Teruntuk anak-anak saya, mas Afin, mbak Alma, dik Adhan
(mawar VI, Okt 2013)
Lely
tersenyum malu dengan pujian dari bu Tenti, guru seni suara disekolahnya.
Berkali-kali dihadapan teman-teman, bu guru bertepuk tangan ketika Lely selesai
menyanyikan sebuah lagu. Ya, siang ini anak kelas IV dan V sedang
mengikuti seleksi terakhir untuk
bergabung menjadi group paduan suara yang akan mewakili SD Mekarsari
dalam perlombaan menyanyi tingkat
kecamatan. Perlombaan paduan suara sudah berlangsung selama tiga tahun, dan
selama ini SD Mekarsari belum pernah mendapatkan juara. Kali ini semua guru dan
murid berharap akan memenangkan perlombaan dan berhak mendapatkan piala
bergilir dari pak camat.
“ Baiklah anak-anak, ibu sudah
memutuskan untuk memilih 10 anak diantara kalian. Pilihan ibu ini sudah dipertimbangkan
dengan baik, dengan melihat kemampuan kalian dalam bernyanyi. Bagi yang belum
terpilih, ibu harap tidak berkecil hati. Mungkin saat ini belum berhasil
mewakili sekolah kita, tetapi bukan berari kalian tidak bagus dalam bernyanyi.

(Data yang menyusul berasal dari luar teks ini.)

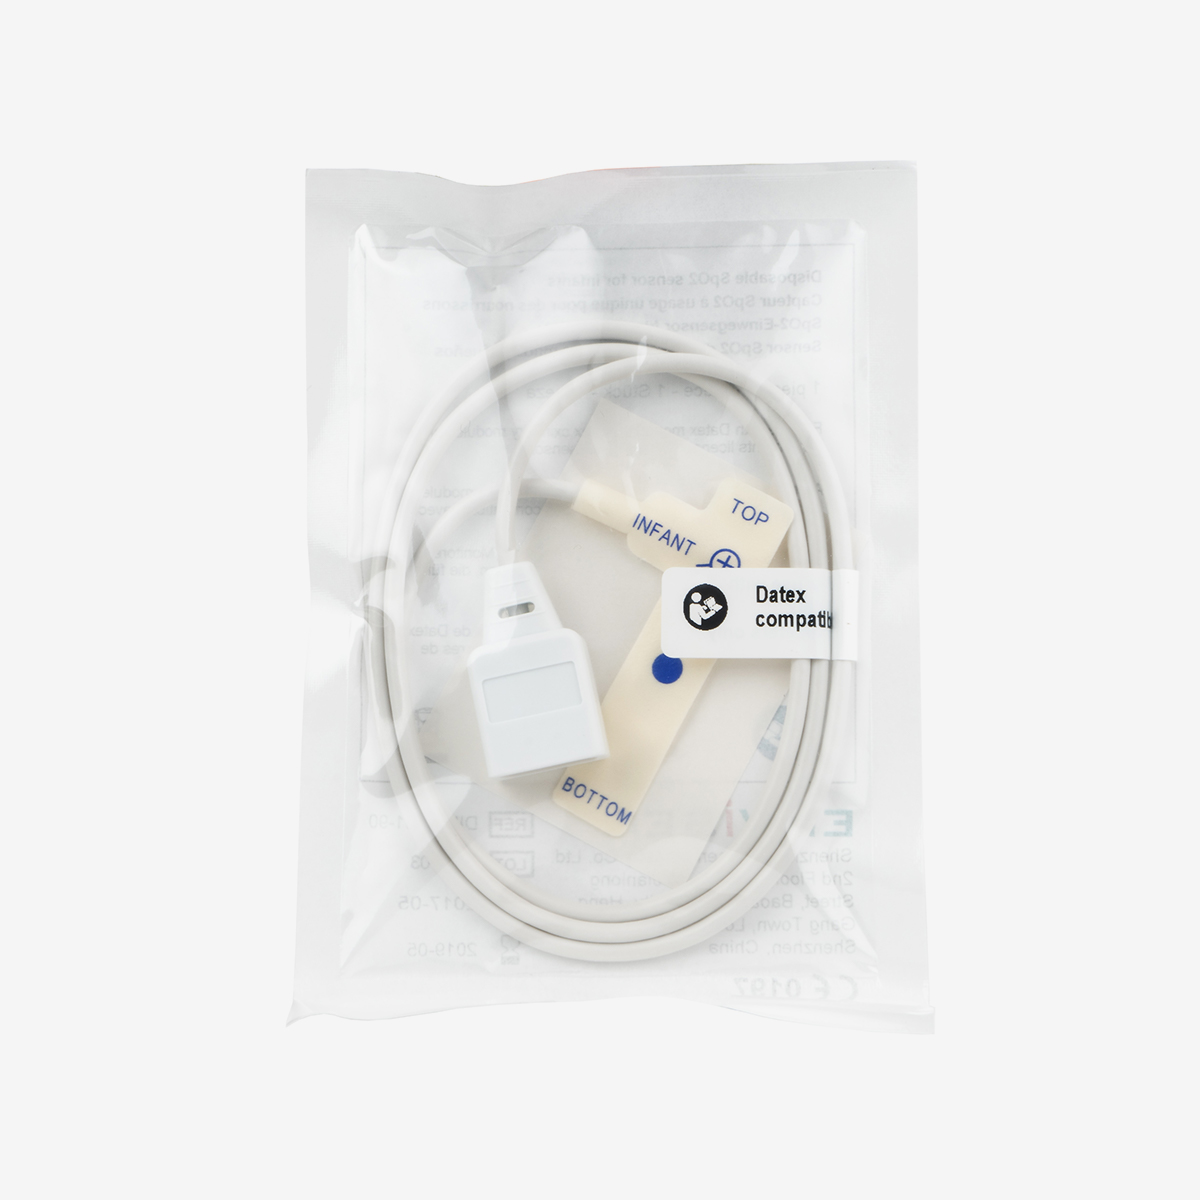 Datex disposable infant SpO2 finger probe in packaging

Tetapi karena hanya ada 10 anak yang mewakili sekolah, jadi mohon maaf kalau
diantara kalian ada yang tidak terpilih. Nama-nama yang masuk ke tim paduan
suara adalah Rina, Ika, Wati, Hana, Salsa, Alma, Zahra, Elisa, Dila
dan....Lely..... Selamat untuk kalian yang terpilih”

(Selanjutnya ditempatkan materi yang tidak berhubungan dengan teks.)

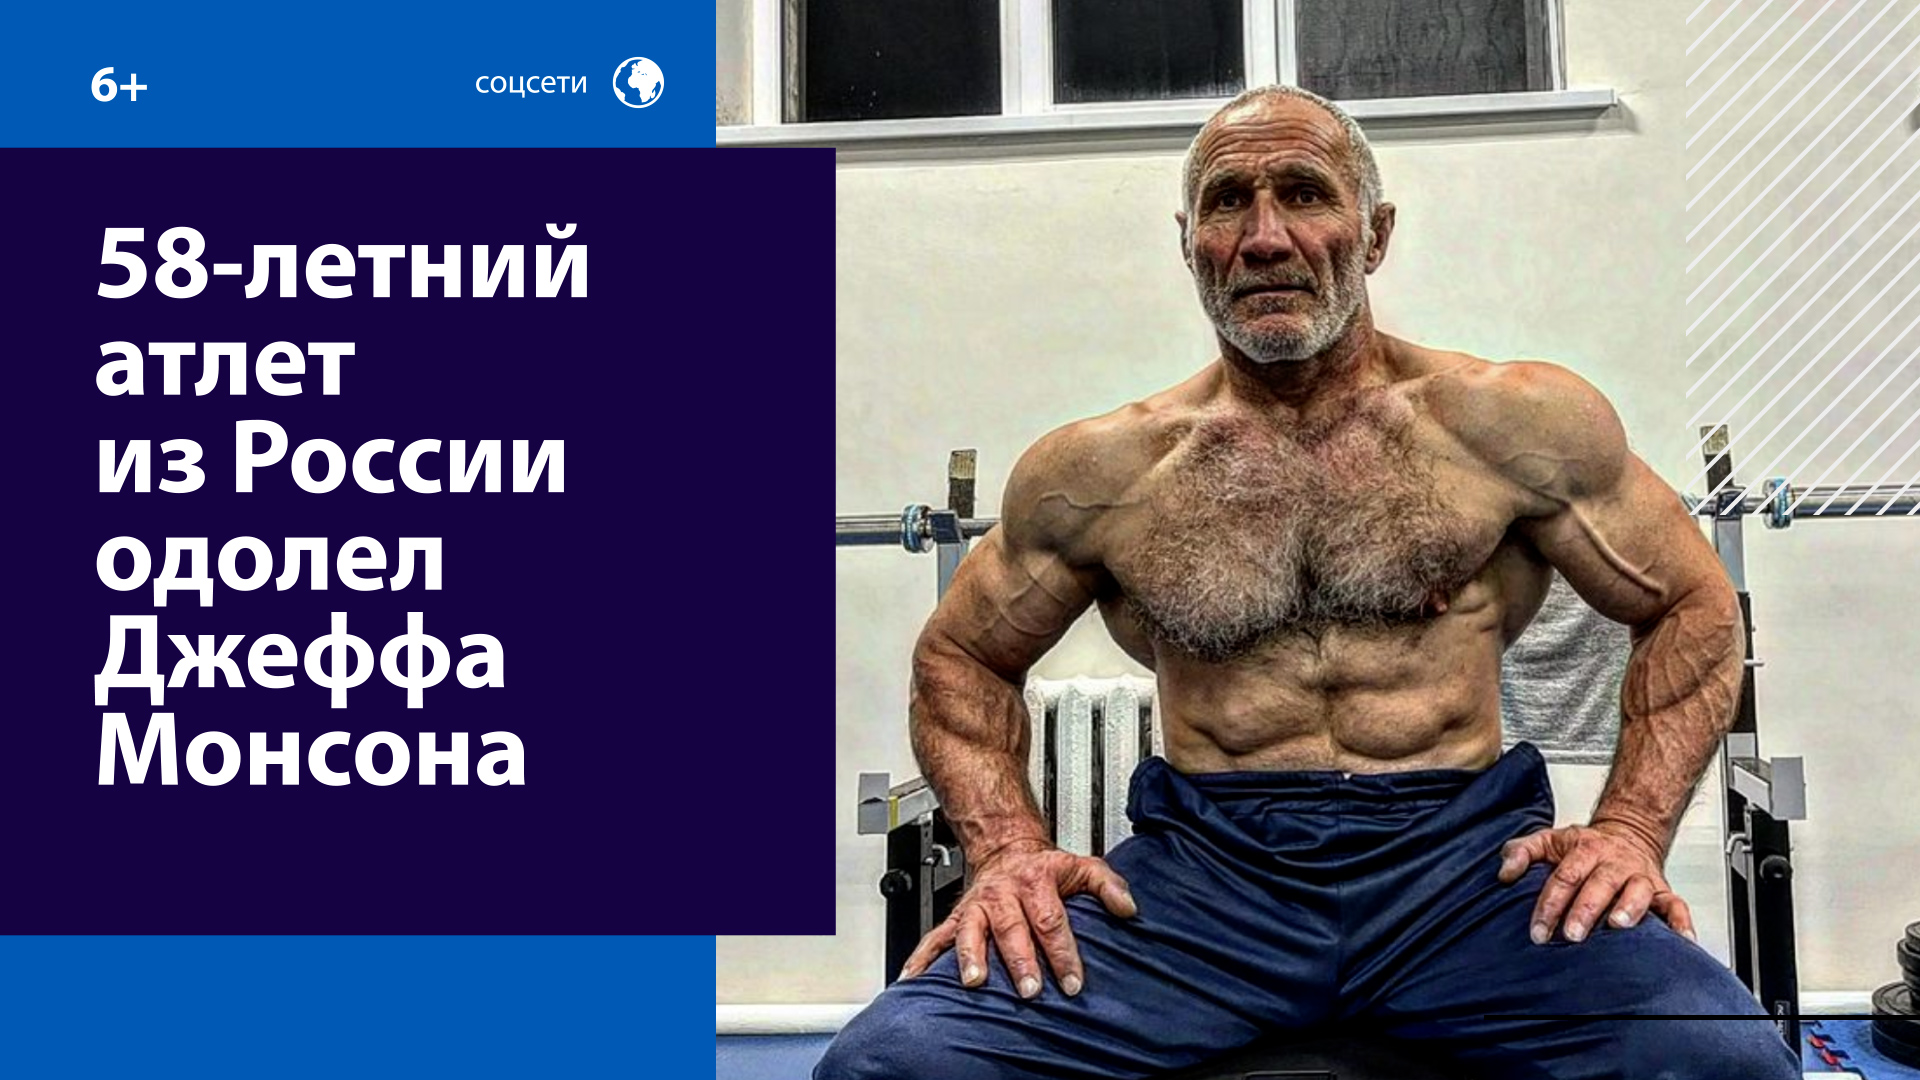 Как живёт и побеждает Ким Схашок, "самый сильный дед в мире"? — Москва FM

Lely seakan tak percaya dengan pendengarannya sendiri.
Namanya masuk dalam tim paduan suara. Sungguh Lely tak menyangka, karena banyak
teman-temannya yang bersuara bagus dan layak terpilih. Dicubitnya tangan kanan
untuk menyakinkan pendengarannya tak salah. Rasa sakit dan warna merah di
tangan membuat Lely nyakin kalau dia memang
berhak mewakili paduan suara SD Mekarsari. Sorakan dan jeritan
senang teman-temannya juga menyadarkan
Lely kalau apa yang diinginkan selama ini terwujud. Selama ini, diam-diam Lely
sangat berharap bisa masuk ke tim paduan suara. Dengan bekal suara yang menurut
ibunya cukup bagus, Lely menjadi percaya diri untuk menunjukan kemampuan dalam
olah vokal. Hampir seminggu setelah bu guru memberikan pengumuman seleksi tim paduan suara, Lely tak kenal lelah untuk berlatih menghapalkan lagu.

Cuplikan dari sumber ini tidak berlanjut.